Some of that impact is registered in the launch of the book at the New Zealand Embassy in Moscow. A distinguished line-up of Russian poets, critics, artists and gallery owners will attend, a number coming from St Petersburg with Arkadii. Creative New Zealand has generously paid to fly three New Zealand poets, Greg O’Brien, Ian Wedde and Tusiata Avia to read at the launch and engage in some cultural interaction. Greg has also written a terrific foreword to the book, which brilliantly sets New Zealand in a context that Russians will find strangely familiar.

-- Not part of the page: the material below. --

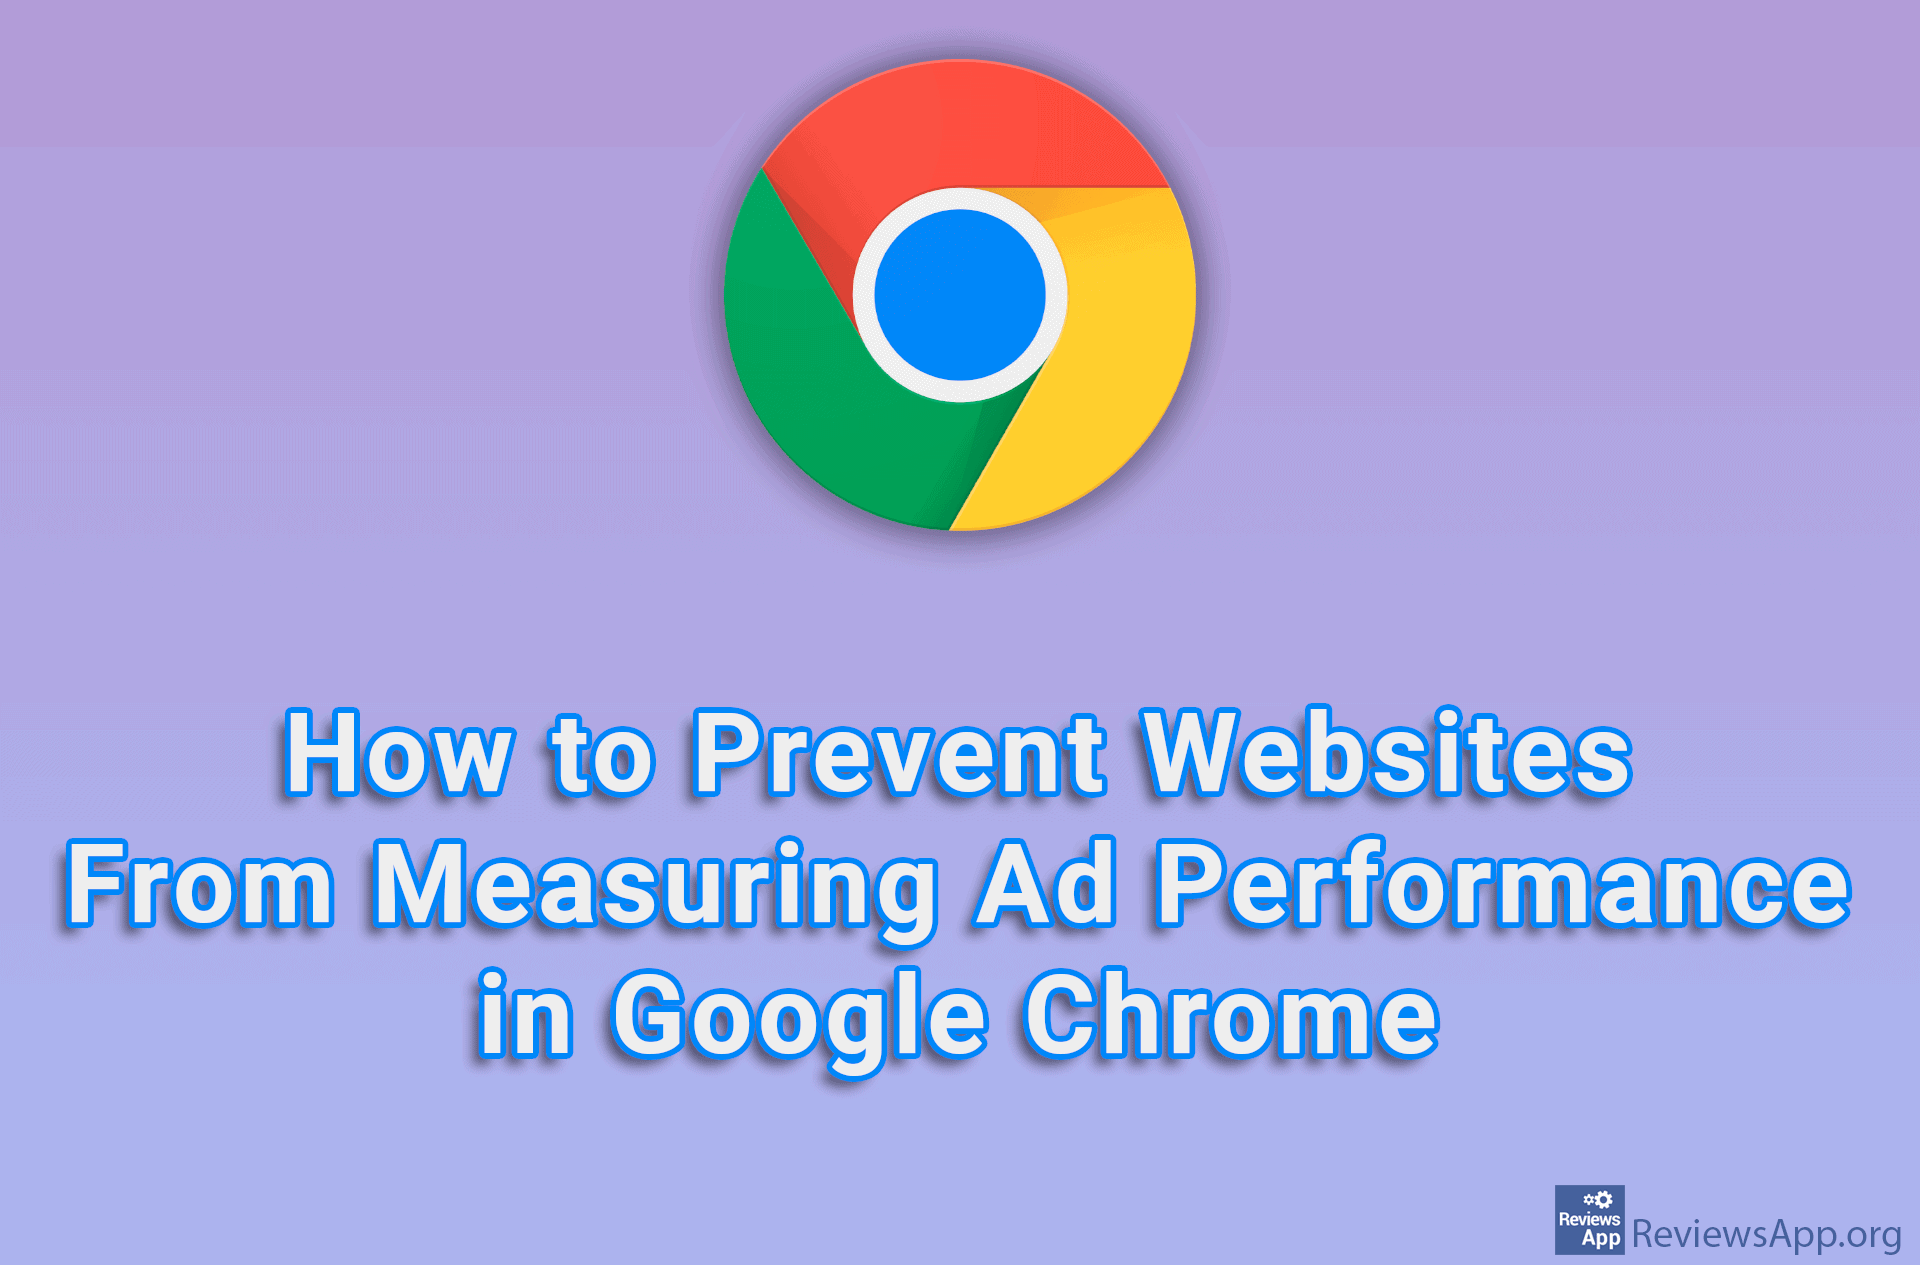 How to Prevent Websites From Measuring Ad Performance in Google Chrome

So the book is about to fly and we hope that it will not only bring New Zealand to Russians but in the future bring more Russians to New Zealand.'
15 Jun 05 | Filed by Kathy | Add your comment (1 so far)Comment by Penny Walker ~ June 16, 2005 6:31 AM
I lived in Brussels for three years. Occasionally I'd drop my two girls at the Maternelle in Brussels and drive north with my baby boy to Antwerp. I liked to walk around the huge gothic cathedral to look at the massive Rubens. My favourite painting was behind the alter. In my memory it was all fat babies and bulging women; like us I thought. All that flesh in a cathedral. I hope the poets went to see it.